How was Réunion Lontan?


Black and white for colors all in nuances. Colors of life, colors of facts, look inside a Meeting always present all in force and certainty. Work scenes in intimate situations, lthe images speak of human. And dignity.

As much as the children's smiles, the gesture of cane cutter or the ascetic environment of the Mafate factor tell us abouta life without cheating whose rhythm, today as yesterday, ignores the futilities of an easy world.

Value time, value efforts, value Peace, these portraits do not take us to the past, on the contrary, they reinforce another reality of the present.

Workers, day laborers, farmers, breeders or fishermen, these men and women live today. They grow up and get old. They love, hate, work and have fun. Their children play like all children in the world. Here the pestle is not a decorative object, the cooking pot on the wood fire is not only typical and the dominos constitute a real game hobby. Here, even the landscapes seem to have another grandeur, nourished space and serenity.



The only link between the city and the circus. It makes its rounds on foot and can cover up to nearly 100km of trails per week. Mail deliverer, but also bringer of good news, he is the hyphen toilet bag et an essential between the different isolated islands.


Iconic culture of the island, sugar cane no longer represents the same economic force than in the past, even if Reunion's agriculture is essentially based on it. Like yesterday, the canes are hand cut, saber, before being sent to reception centers to end at thesugar factory.


Under the sweetness of the veranda or on a table next to the refreshment bar in the shop, the opportunity to meet for endless parties that wear out the passage of time while allowing to exchange news about each other.

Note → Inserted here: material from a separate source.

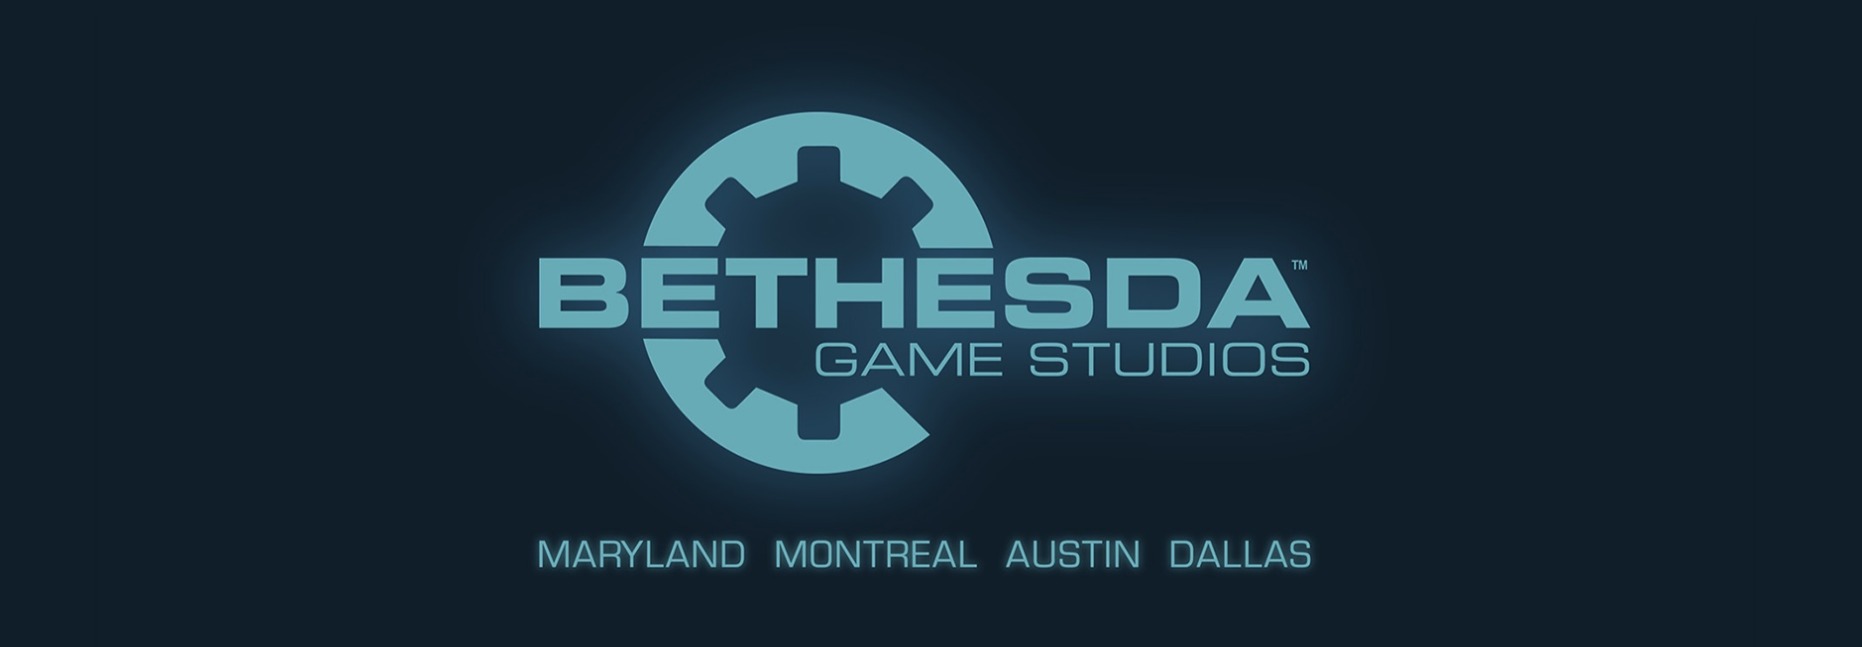 Сегодня Bethesda Game Studios, дочерняя компания ZeniMax Media, объявила, что продолжает наращивать и усиливать свои возможности в сфере разработки игр и приветствует в своих рядах Escalation Studios из Далласа, Техас.
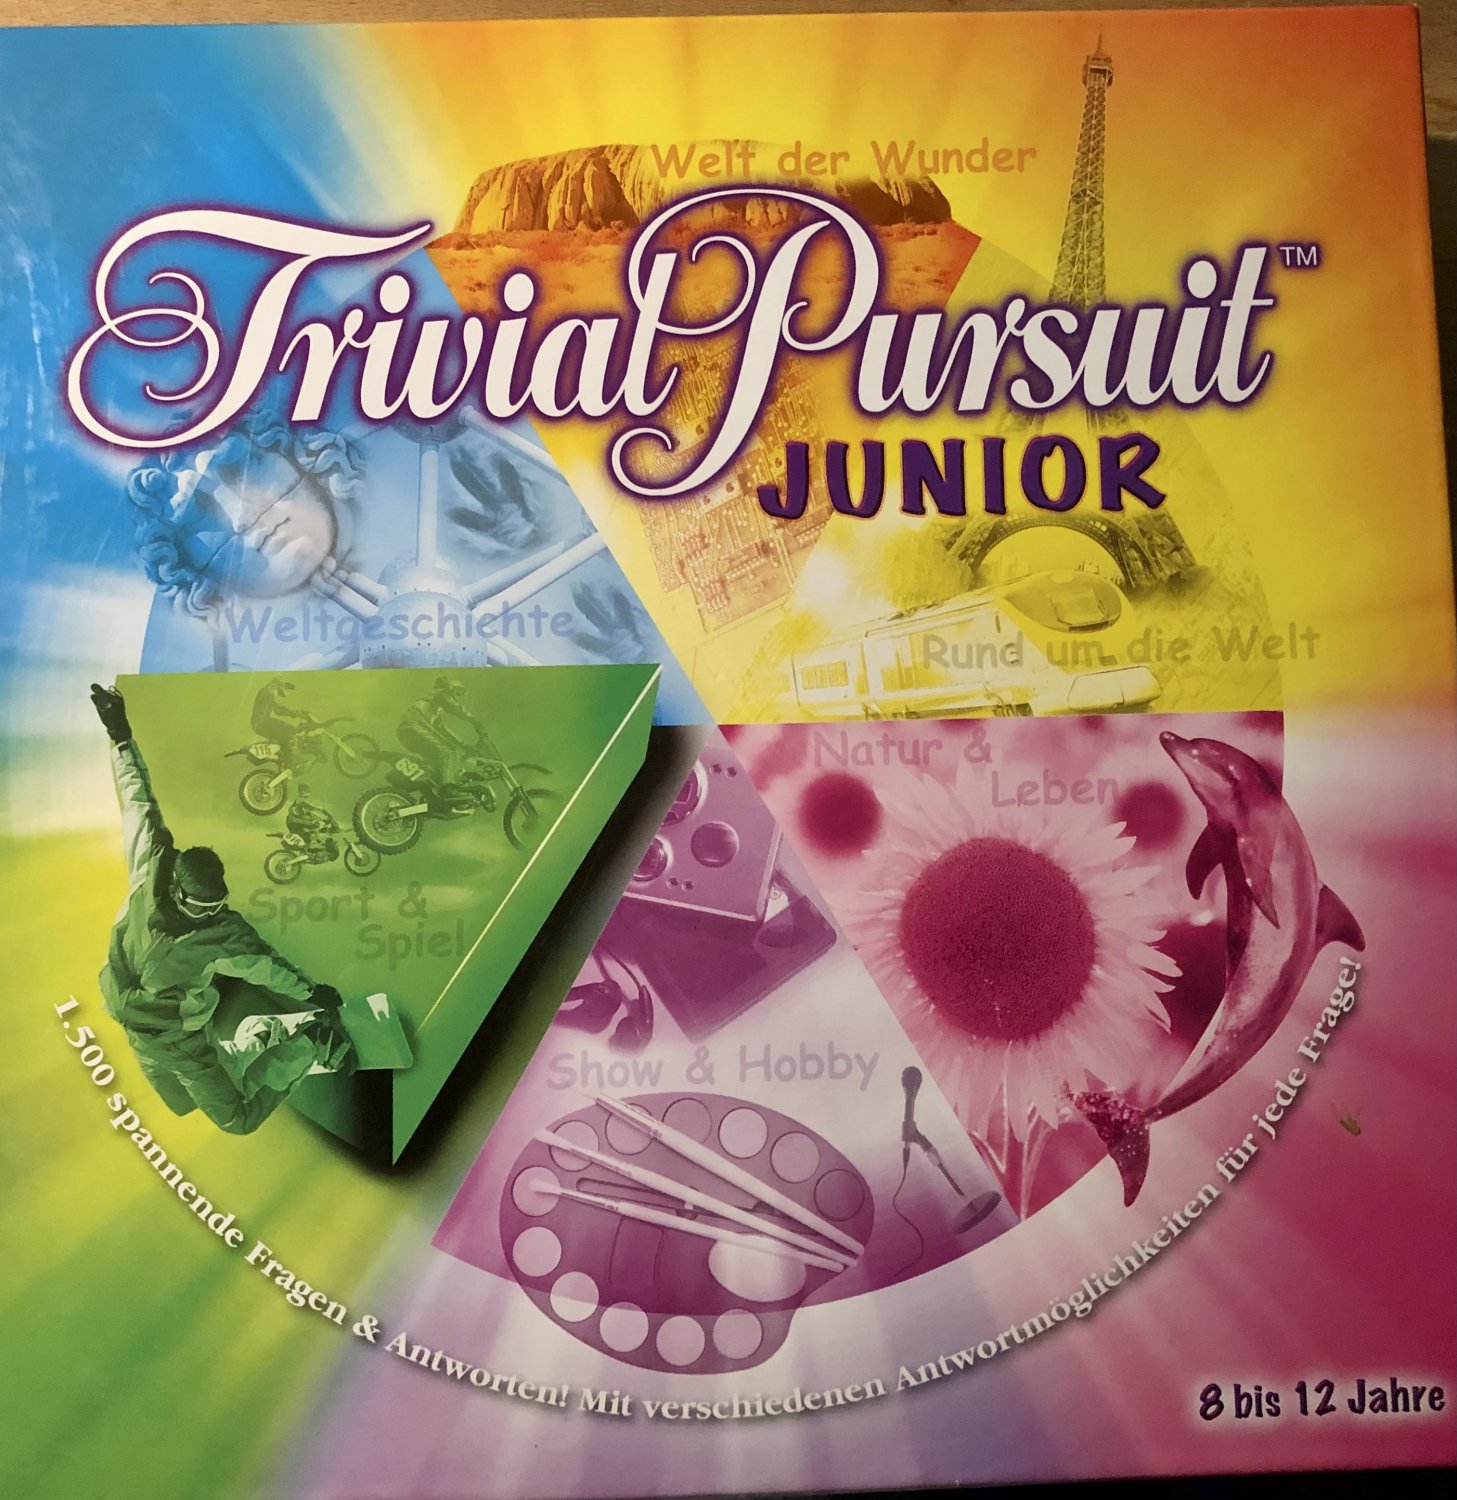 Trivial pursuit édition junior - Parker

Forests, waterfalls, lush vegetation, small isolated villages: between cirques and plains, the heights of the island exude beauty. Today inhabited by small farmers et breeders who live to the rhythm of lontan traditions, they were first of all the refuge of fleeing slaves, chestnuts ".


Originally the music of slaves, maloya has long been censored. Based on a solo voice performed by a choir, it is supported by traditional instruments such as the " Kayamb ", The" Calabash "or the" timbal "and includes music and dance. Today, more recognized, it is claimed as a element of creole heritage.